Clinical and hematologic features were reviewed for 103 MPN patients, including patients with polycythemia vera (PV, 22 patients), essential thrombocythemia (ET, 64 patients), and primary myelofibrosis (PMF, 17 patients). JAK2 V617F allele status and allele burdens were measured by allele-specific PCR and pyrosequencing, respectively.
The JAK2 V617F mutation was detected in 95.5%, 68.8%, and 52.9% of PV, ET, and PMF patients, respectively. JAK2 V617F-positive ET patients were significantly older and exhibited higher neutrophil fractions, a higher frequency of thrombotic events, and a higher myelofibrosis rate than JAK2 V617F-negative patients (P <0.05). PV patients carried the highest mean T allele burden (66.0%±24.9%) compared with ET (40.5%±25.2%) and PMF patients (31.5%±37.0%) (P =0.00). No significant correlations were detected between V617F allele burden and patient age, white blood cell count, Hb, Hct, or the platelet count for PV, ET, or PMF patients. ET patients with organomegaly had a higher JAK2 V617F allele burden (53.4%±23.7%) than patients without organomegaly (35.6%±24.3%) (P =0.03).
The JAK2 V617F mutational status and its allele burden correlate with the clinicohematologic phenotypes of ET patients, including older age, higher neutrophil count, and greater rates of organomegaly, thrombotic events, and myelofibrosis. For PV and PMF patients, larger-scale studies involving more MPN patients are needed.

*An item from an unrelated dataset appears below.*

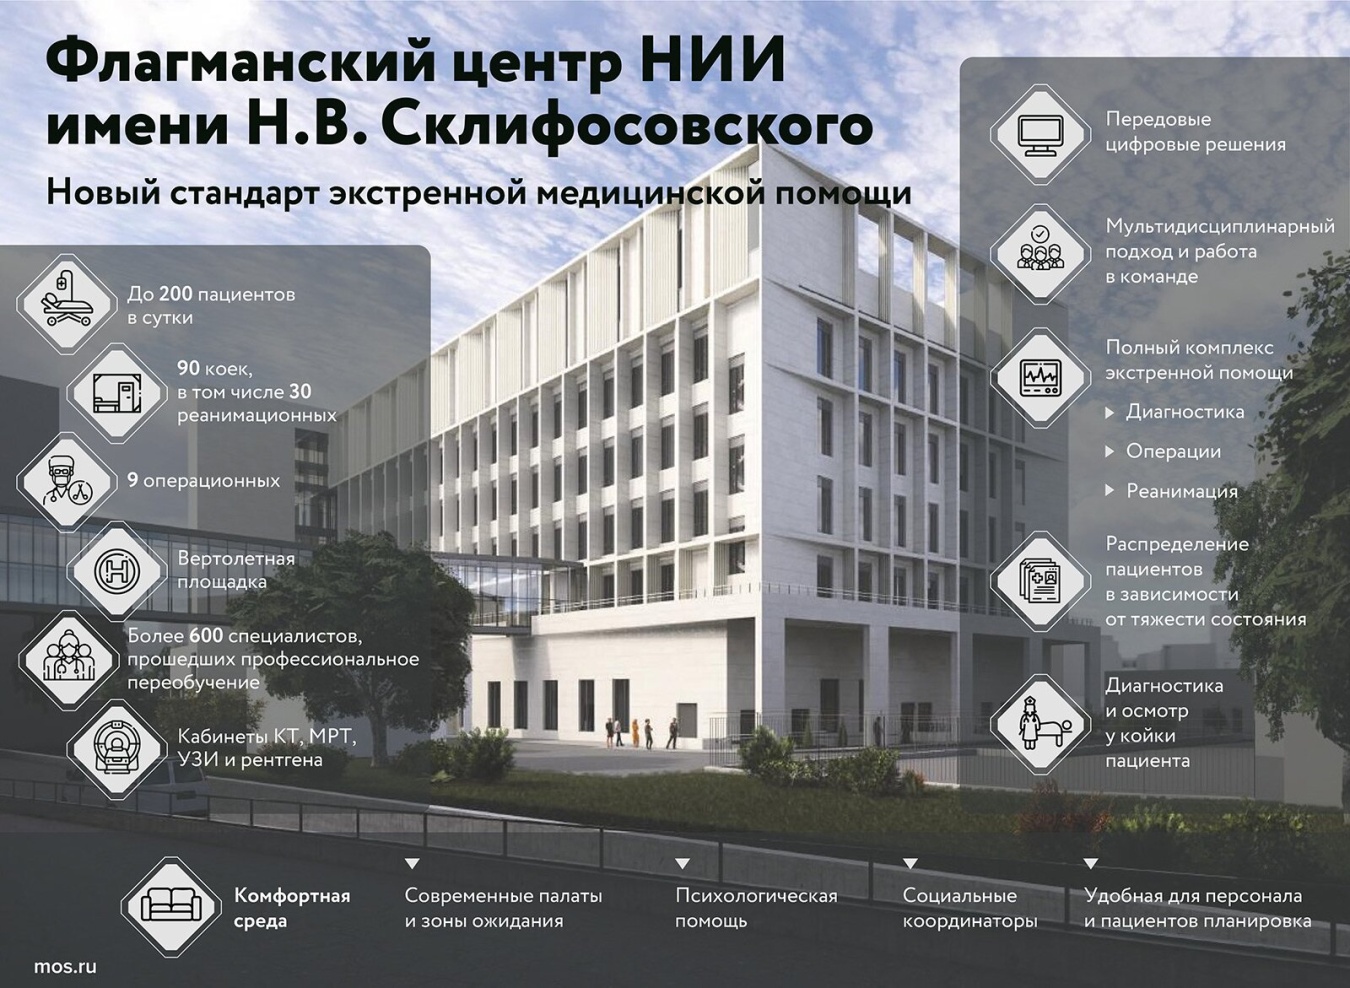 Открылся флагманский центр НИИ скорой помощи имени Н.В. Склифосовского

The somatic mutation V617F in Janus kinase 2 (JAK2) is an established diagnostic marker in BCR-ABL1-negative myeloproliferative neoplasms (MPN), e.g., polycythemia vera (PV), essential thrombocythemia (ET), and primary myelofibrosis (PMF) [1-3]. However, correlations among the mutational status or allele burden of JAK2 V617F and clinicohematologic characteristics of these diseases remain undetermined. Several retrospective studies have evaluated correlations between the JAK2 V617F mutation and parameters such as age, white blood cell (WBC) count, Hb concentration, Hct, spleen size, disease duration, pruritus, and fibrosis in subjects with MPN; however, the results of these studies have been inconsistent [4-18]. The present study was undertaken to: (1) determine whether MPN patients harboring the JAK2 V617F mutation exhibit different clinicohematologic characteristics than patients lacking it; and (2) identify whether the allele burden of the JAK2 V617F mutation is associated with the severity of clinicohematologic features of MPN.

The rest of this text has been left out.